# Preconditioning Climate



## PiperPaul (Oct 31, 2018)

So the frost is on the pumpkin and young men's (and older ones) thoughts turn to warming up a cold M3 before driving off for ....
When in the car we happily have the front seat heater icons back which can make us toasty without the HVAC.
BUT I've just discovered that turning on a seat heater by the Climate screen on the app to get the car ready also (according the the screen graphics) turns on the HVAC fans (apparently at full blast). 
Then choosing to turn the HVAC off on the same app screen turns off the seat heater too.

Is there a way, using the app, to have the seat heat on without the car heater..... *like in the good old days? *

[Current software level is 2022.28.2 / app 4.13.1-1312 Auto seat heating is OFF Toques and masks are in the console Coffee is made Wood shed is full]


----------



## francoisp (Sep 28, 2018)

Using the app, I turn the hvac on touching the on/off icon, then I touch the seat to activate the warmer. When I turn the hvac off, the seat warmer turns off but turns back on a few seconds later. Give it a try.

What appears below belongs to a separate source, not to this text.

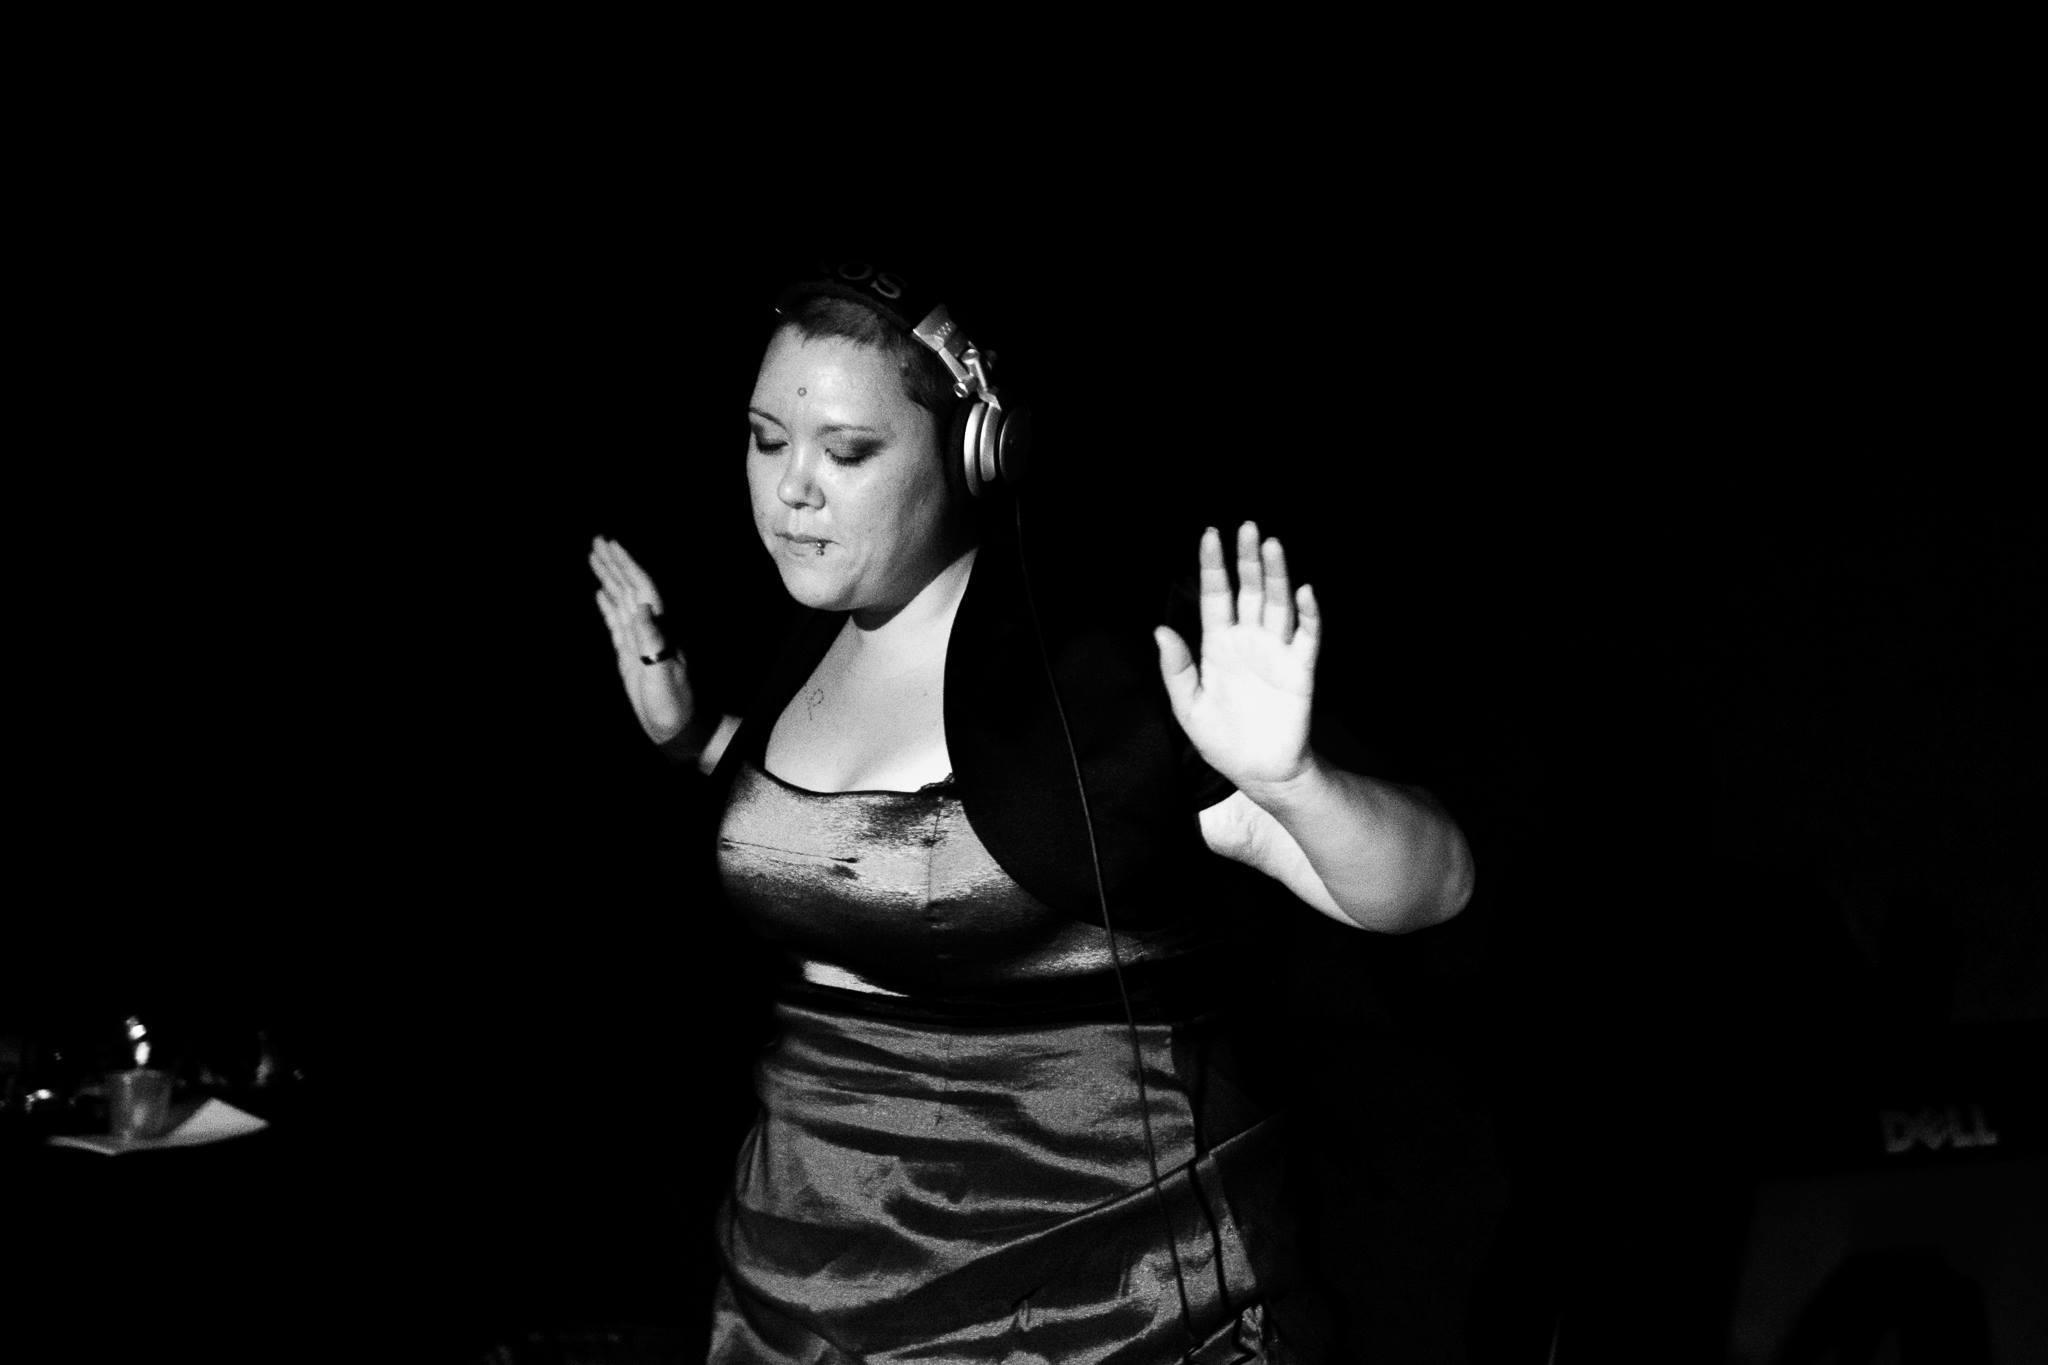 April Lowe - Our DJ

Edit: the seat warmer does not stay on. 😞


----------



## SalisburySam (Jun 6, 2018)

PiperPaul said:


> Is there a way, using the app, to have the seat heat on without the car heater..... *like in the good old days? *
> 
> Current software level is 2022.28.2


So yet another reason, if anyone needed one, to remain as long as possible on 2022.20.8.


----------



## GDN (Oct 30, 2017)

I love Tesla and can tell you the software can be and is MUCH worse over at Ford, but why in the heck can Tesla have something work so well for YEARS and then they break it like this. There is truly no real excuse and just shows very poor planning, testing and software paths they have.

Let me just give you first hand however, it can be and is worse with other manufactures (FORD) !!


----------



## Park2670 (Aug 24, 2017)

I am hoping for a way to turn off the blasted "Auto" function on heated seats. I will never use it and want to get rid of that extra click.


----------



## PiperPaul (Oct 31, 2018)

francoisp said:


> Using the app, I turn the hvac on touching the on/off icon, then I touch the seat to activate the warmer. When I turn the hvac off, the seat warmer turns off but turns back on a few seconds later. Give it a try.
> 
> Edit: the seat warmer does not stay on. 😞


Thanks. I thought you were on to something but then, as your edit says, it doesn't show staying on. 

AND it all works differently depending on the order of choices:

touching the seat first turns everything on, then touching the On button turns everything off
touching the Off button turns HVAC on, then touching the seat turns it on, then touching the On button turns everything off, but then shows the seat heat on momentarily 
This behaviour smells like poor software design with multiple ineffective patches. Or perhaps, just smells.


----------



## PiperPaul (Oct 31, 2018)

Park2670 said:


> I am hoping for a way to turn off the blasted "Auto" function on heated seats. I will never use it and want to get rid of that extra click.


The app shows a choice of Heat or Auto as you turn on the seat heat.
But since the whole interface is so screwed up I haven't figured out what that really does in the car. When I'm in a better mood about it I'll sit in the car and run some tests.

*UPDATE*:
When using the app while sitting in the car it all seems to work as desired: seats heat independently of HVAC and seat heat levels appear on the display as chosen in the app.
Next I'll have to get my lovely and talented assistant to drive the app remotely while I sit in the car to monitor results.


----------